Les cités parisiennes ont-elles une identité différente de celles de banlieue ?
Au total, il y en a une trentaine à Paris et sa proche banlieue. Les parisiennes sont pour beaucoup faites de briques rouges, ce qui n’est pas le mieux pour mes vidéos. Si je vais à Porte d’Orléans ou à Porte d’Asnières, c’est un peu le même rendu, même s’il y a quand même des bâtiments très atypiques. Elles sont aussi moins abîmées que celles de banlieue. Si je tourne au fin fond de Sarcelles, ce n’est pas la même chose.
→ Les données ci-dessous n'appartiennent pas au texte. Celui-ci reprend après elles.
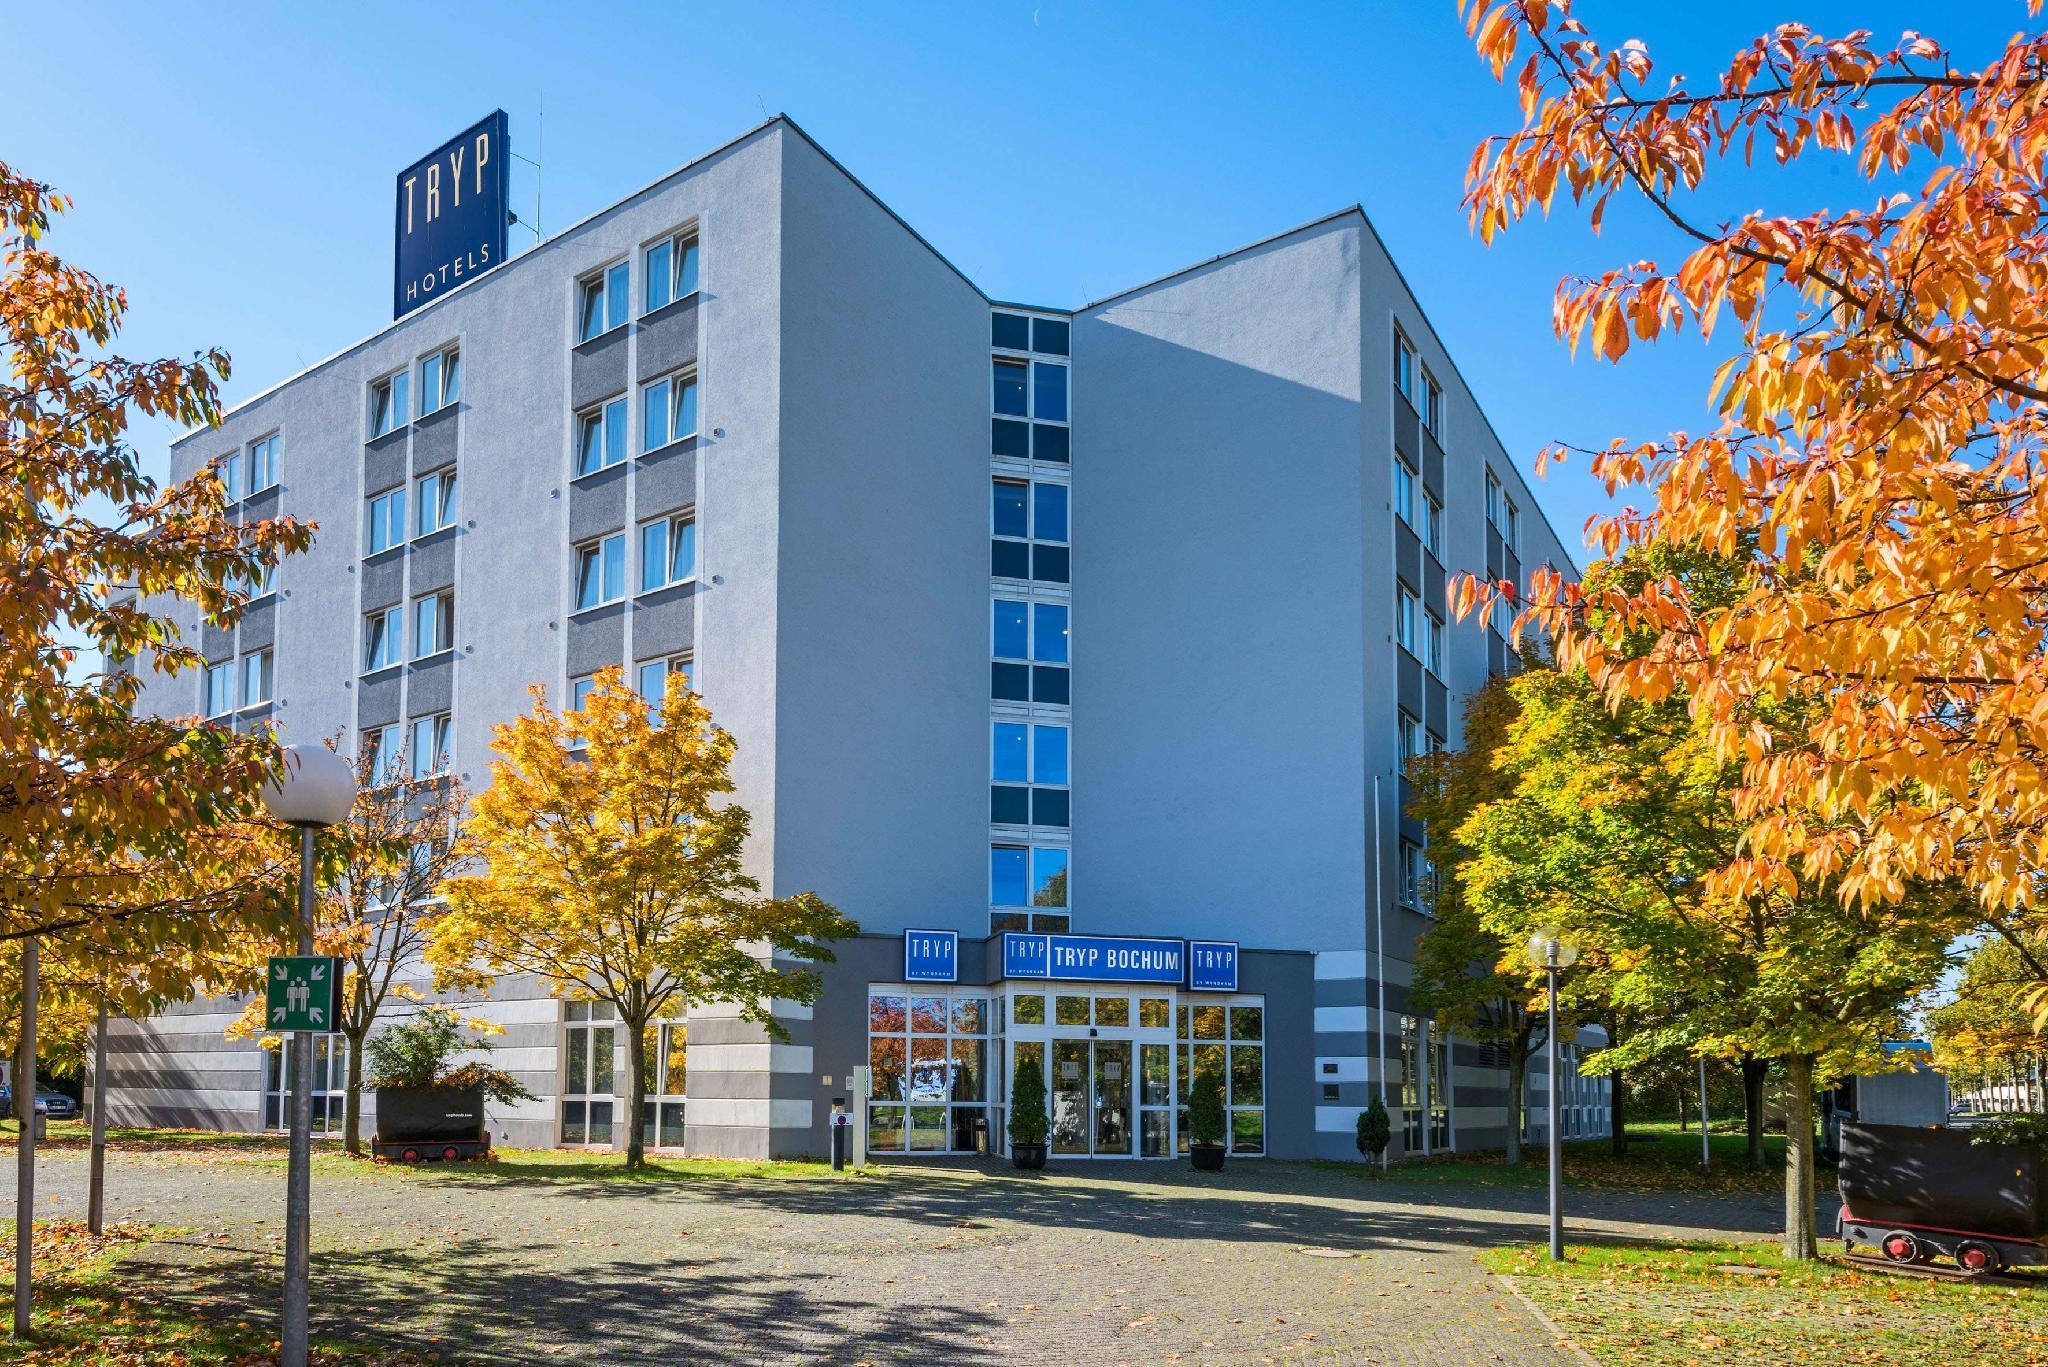 TRYP Hotel Bochum

Ce n’est pas une question de sécurité mais d’insalubrité et d’insularité. A part une épicerie, il n’y a parfois rien à plusieurs kilomètres.
Quels sont les prochains projets du compte ?
Je suis ouvert, je n’ai pas encore poussé le concept au maximum. Je vais sûrement l’ouvrir aux cités de province. Le goal [l’objectif], ce serait Marseille ! Je réfléchis aussi à plus intégrer les habitants dans les vidéos. L’important, c’est de garder cet esprit populaire et léger.